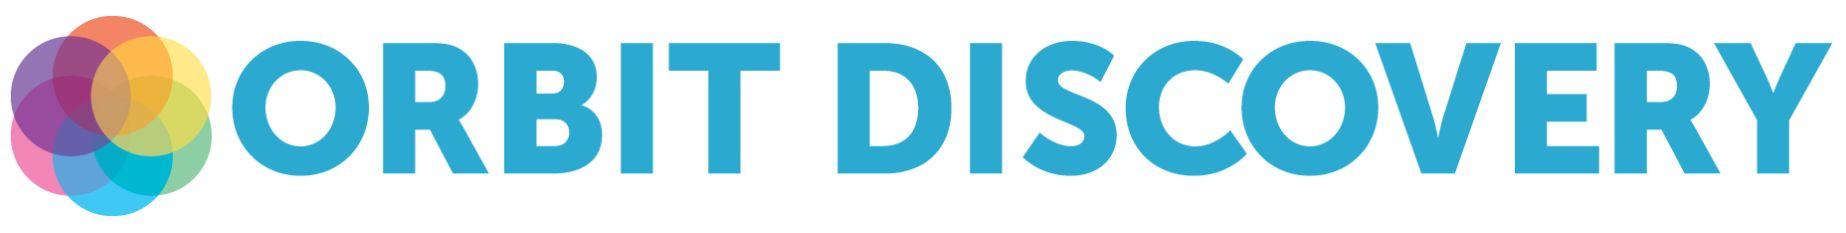 Orbit Discovery logo
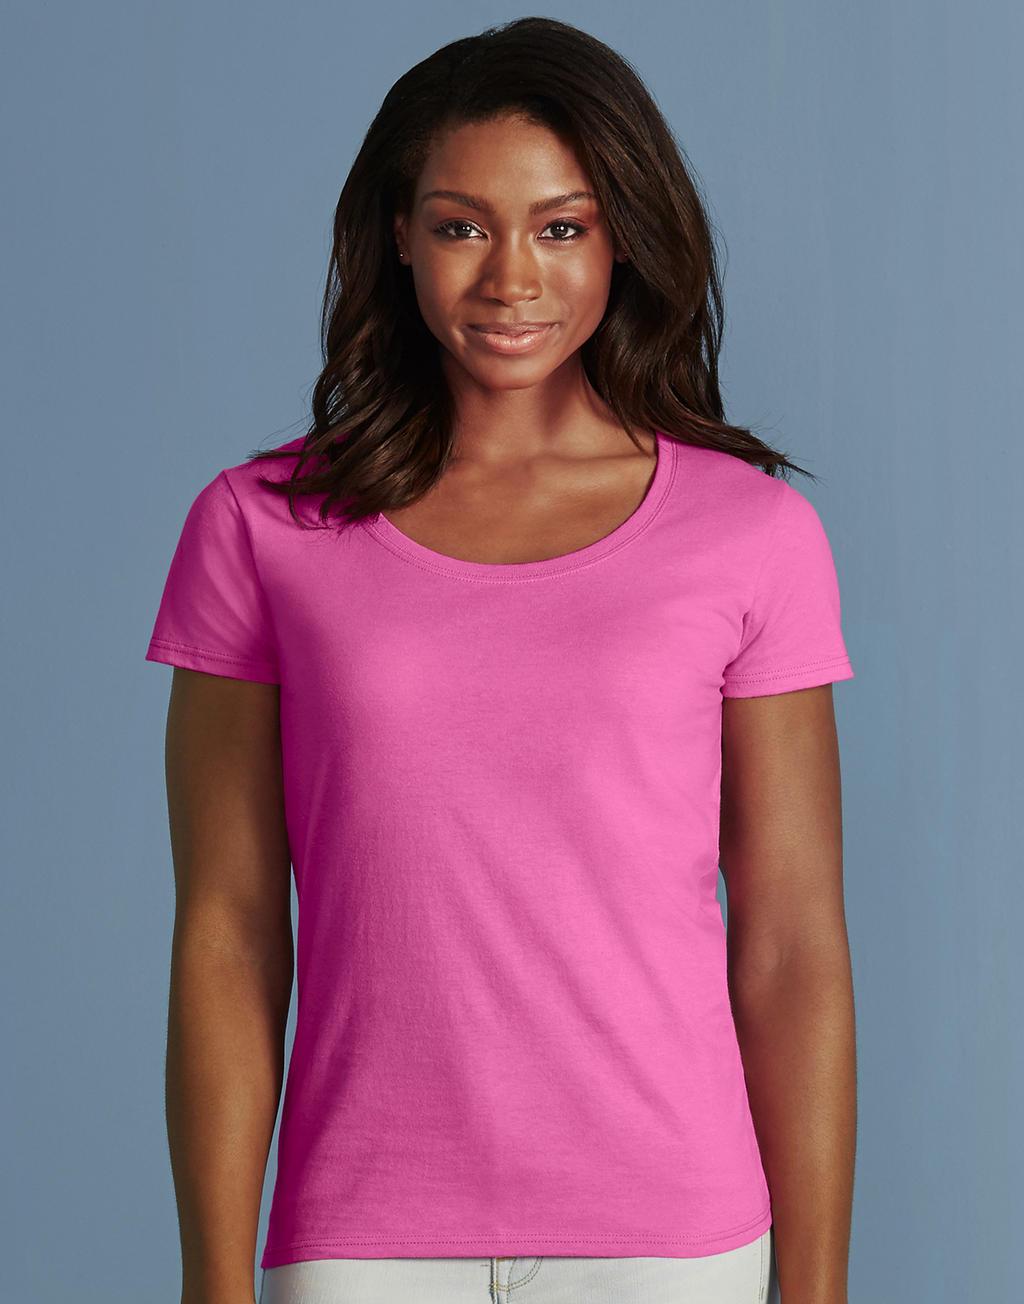 64550L SOFTSTYLE® LADIES tričko s výstrihom
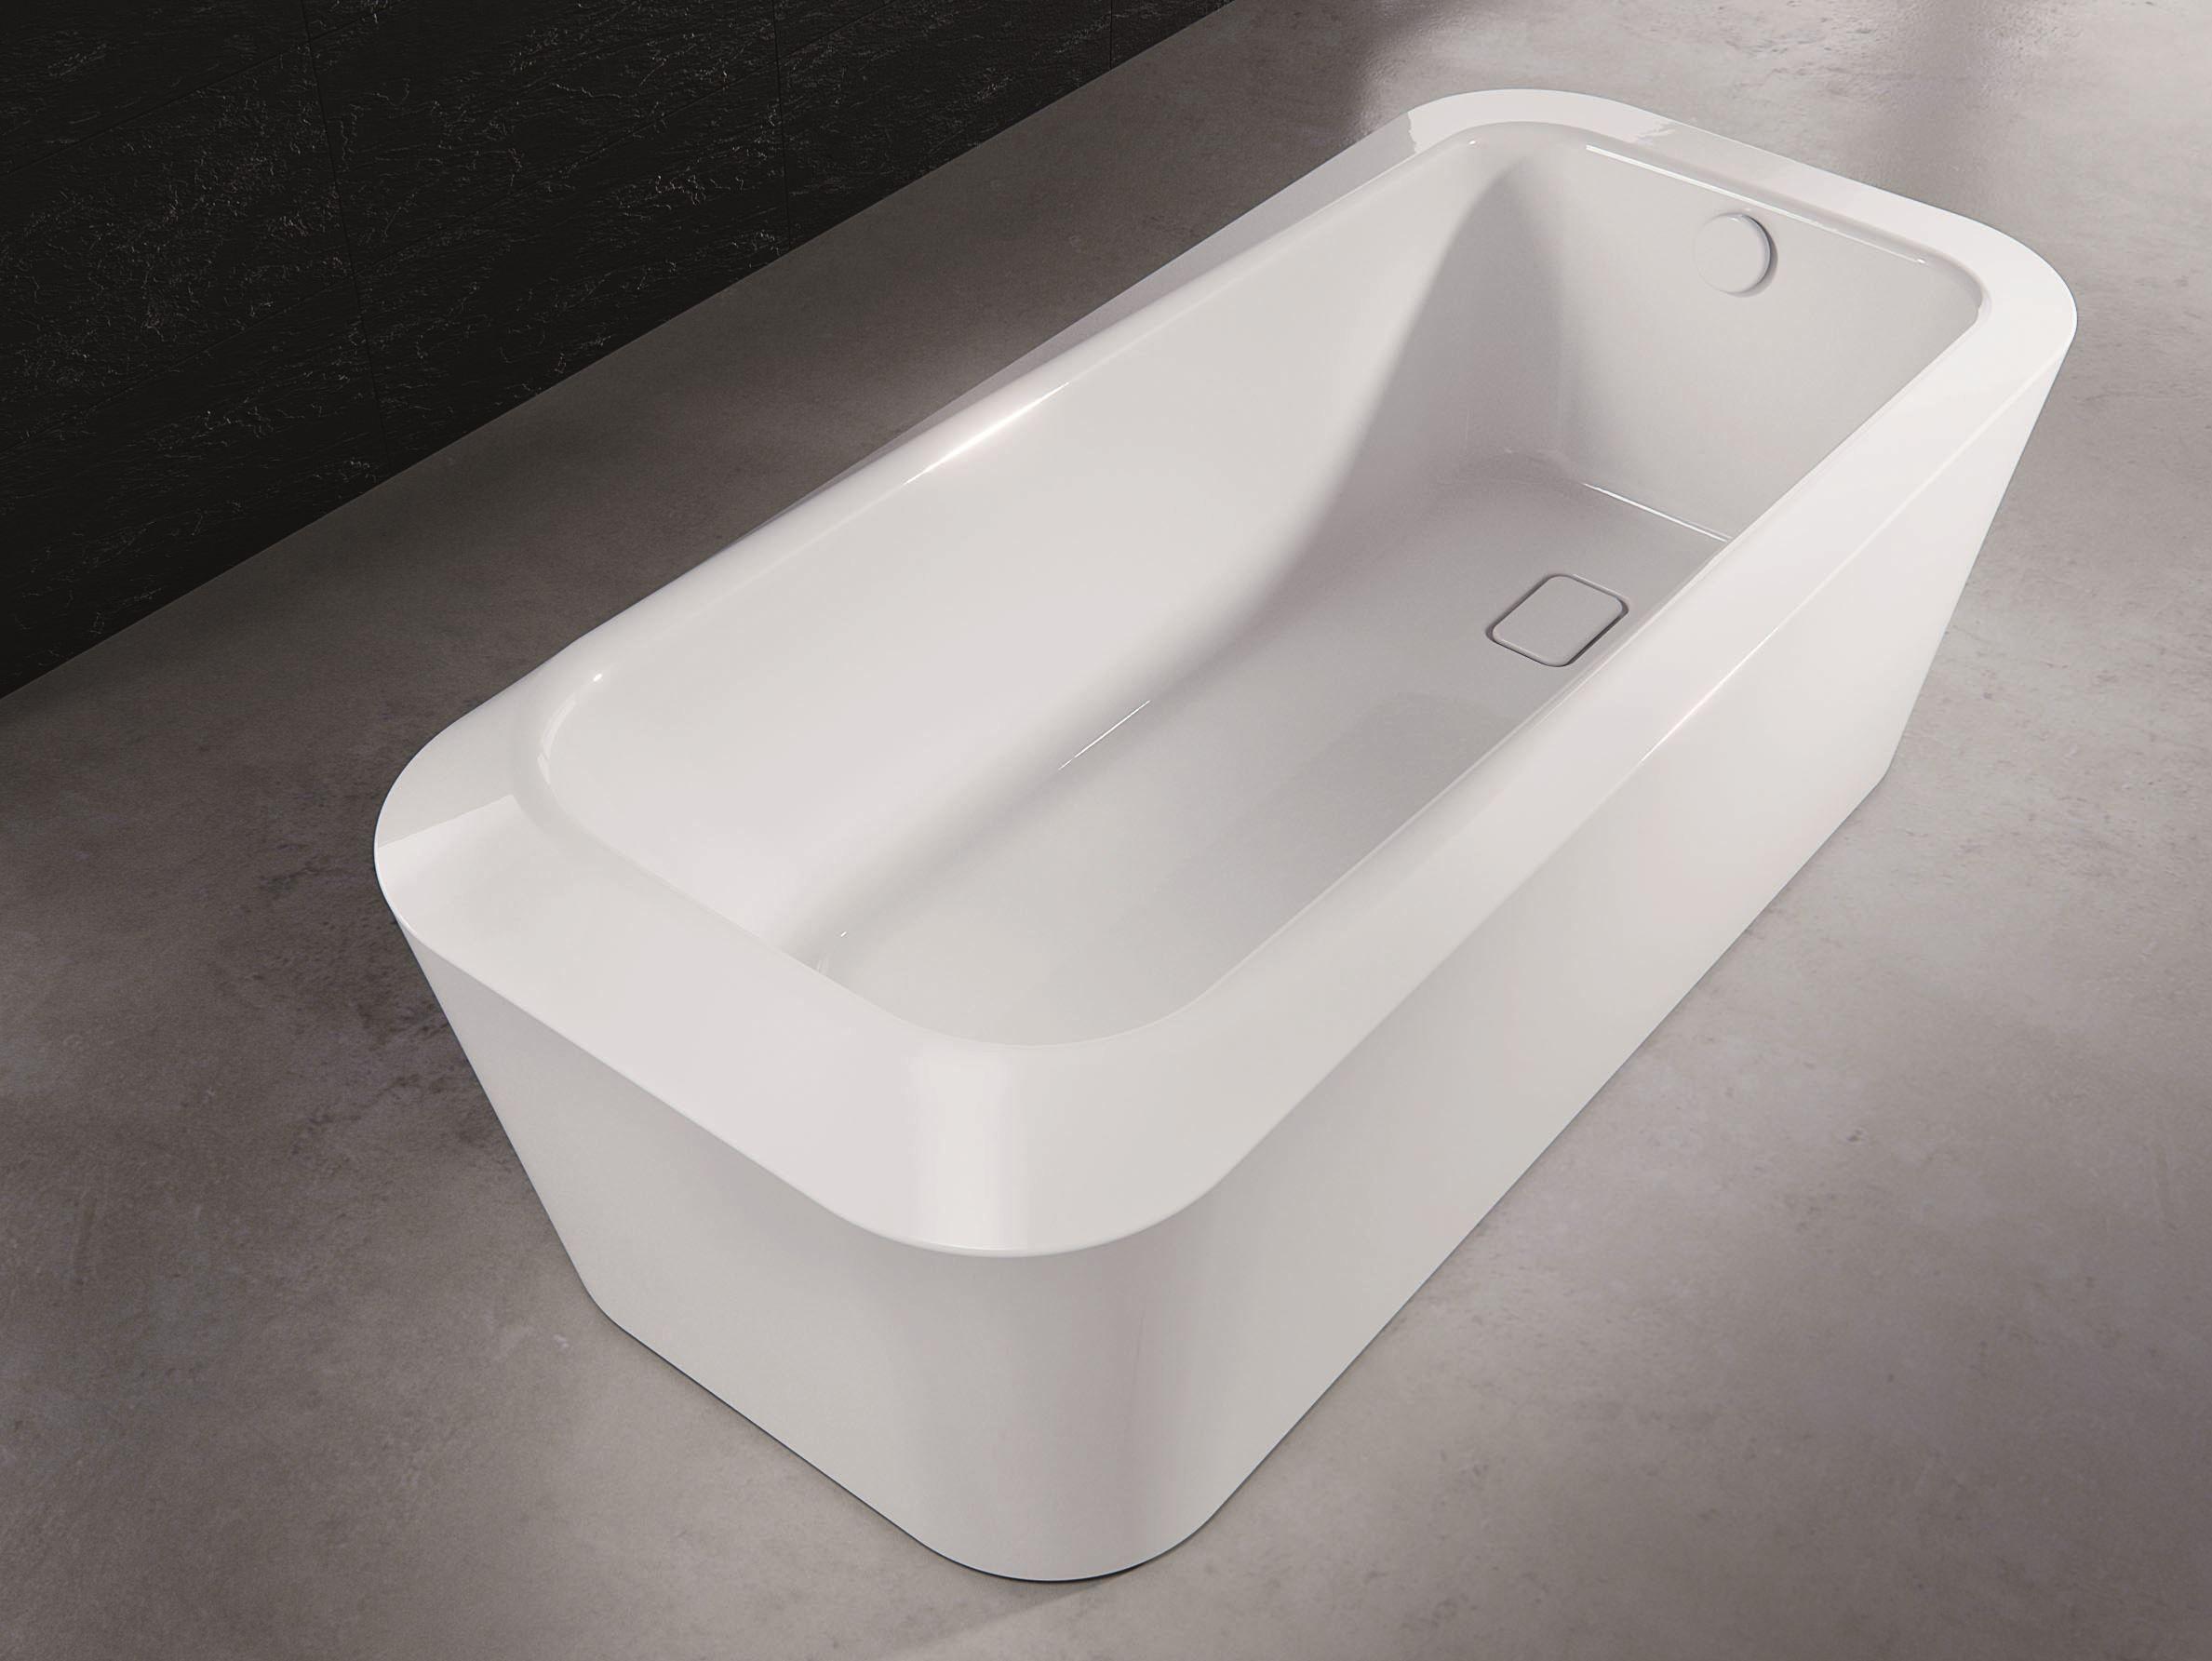 Meisterst ck emerso baignoire by kaldewei italia design arik levy - Baignoire acier emaille ...

________________

WHAT YOU WILL DO: Give the listing again word for word, without its images.

SOLUTION TO THIS TASK:
 Orbit Discovery logo
 64550L SOFTSTYLE® LADIES tričko s výstrihom
 Meisterst ck emerso baignoire by kaldewei italia design arik levy - Baignoire acier emaille ...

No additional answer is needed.